After 1251, oak was “(b)y far the commonest timber tree in nearly all kinds of woodland” (Rackham, 1980:145). It is important to note the qualifier “timber” in this statement. Starting in the Neolithic, many trees that were not valued as timber were coppiced to produce a steady supply of “wood” and constituted major components of many woodlands (Rackham, 1995:38, passim). Had they been valued for construction purposes, trees such as alder and poplar could have been allowed to grow to timber.

Little oak grew in the Scottish Highlands, but Scots pine was among the major forest communities there (Rackham, 1980; Mowat, 1996:6, 114-115, 129). Gregory states that oak was the only readily available, suitable tree for logboats in Ireland (1997:168-170), but this ignores alder and poplar, both of which are native (Tree Council of Ireland, no date a, no date b). As in the case of Britain, alder, poplar, and perhaps other genera might have been used, had they been managed for timber.

In summary, other tree types suitable for the construction of logboats were available across much of Britain and Ireland throughout the logboat era. Logboat builders’ material choice was not limited to oak by lack of alternatives.

Differential Preservation

Differential preservation was mooted as an explanation for the preponderance of oak in the archaeological record in the first modern, comprehensive study of logboats in the region. Writing of England and Wales, McGrail stated, “allowance must be made for possible bias in the survey, due to oak’s greater durability” (1978a:309. See also Rackham 1980:18; Rogers, 2011:196).
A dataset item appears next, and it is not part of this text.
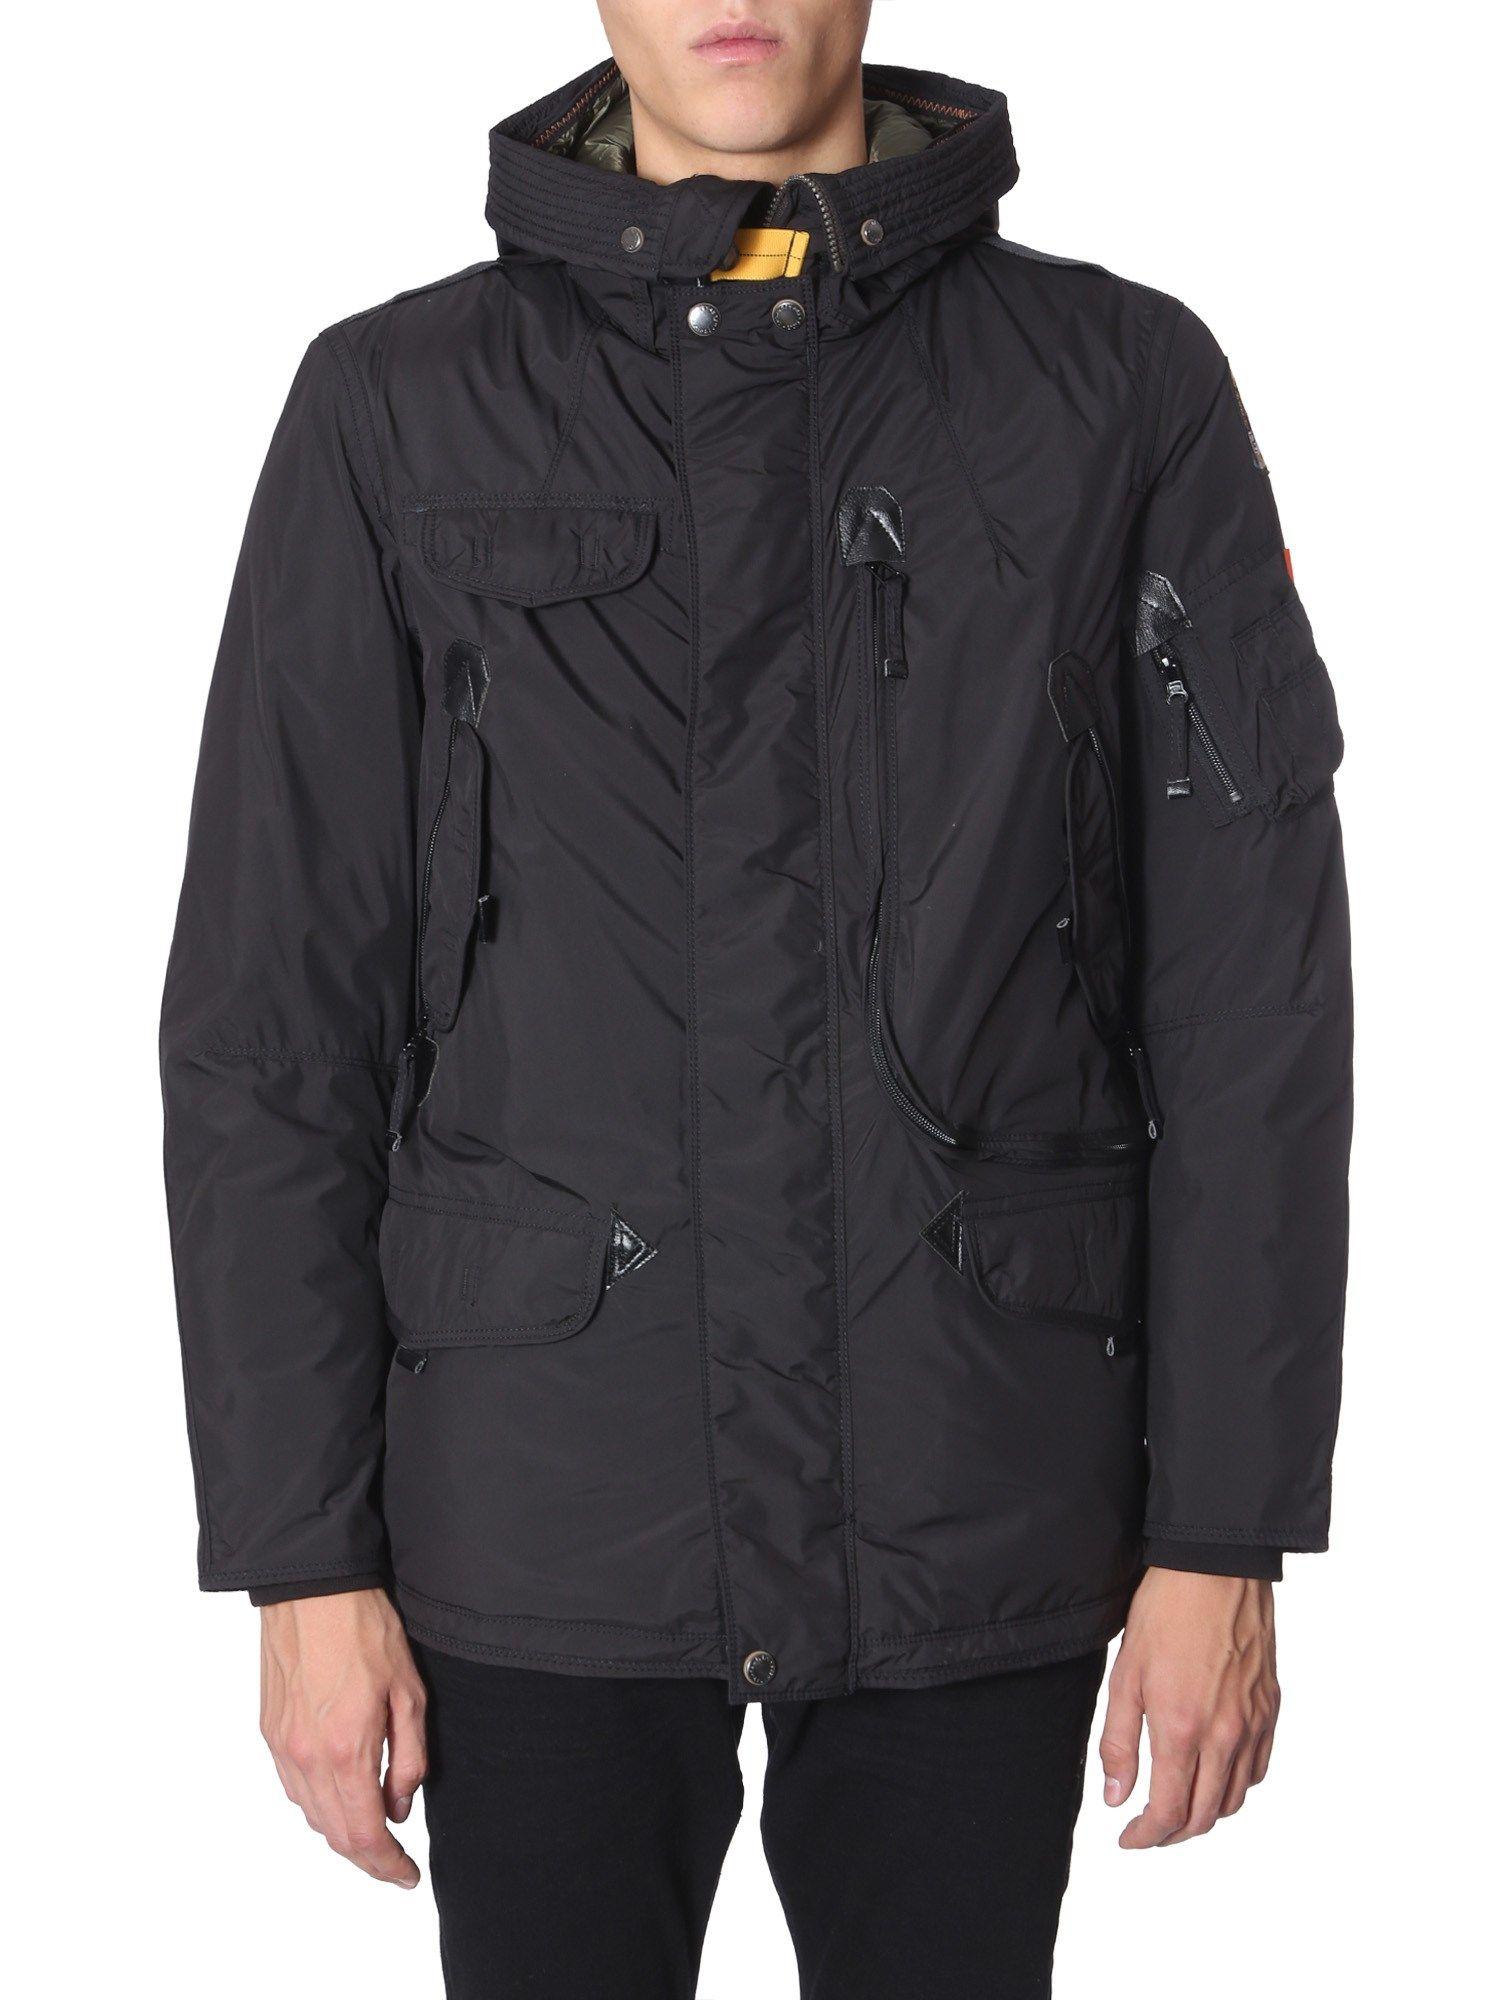 Righthand Light Jacket Light Jacket Jackets Outerwear Jackets [ 2000 x 1500 Pixel ]

Others have noted that several of the earliest boats in the records of Europe and the British Isles are of non-oak genera, concluding that these other woods would probably appear more frequently in later finds had they been used (Gregory, 1997:168, 171; Lanting, 1997:631; Rogers, 2011). Instead, the record shows not differential preservation, but an evolution in wood choice. “The oldest logboats, from Pesse (NL), Nandy l and 2 (Fr) and Noyen-sur-Seine (Fr) are made of pine. This is certainly not a coincidence. Before 8000 BP, in northwestern Europe pine was the only tree of sufficient length and diameter available for this purpose. During the Later Mesolithic a clear preference existed for soft and easily workable wood such as lime, alder and poplar/aspen” (Lanting, 1997-1998:645). Oak becomes common in the record only with the arrival of the Neolithic.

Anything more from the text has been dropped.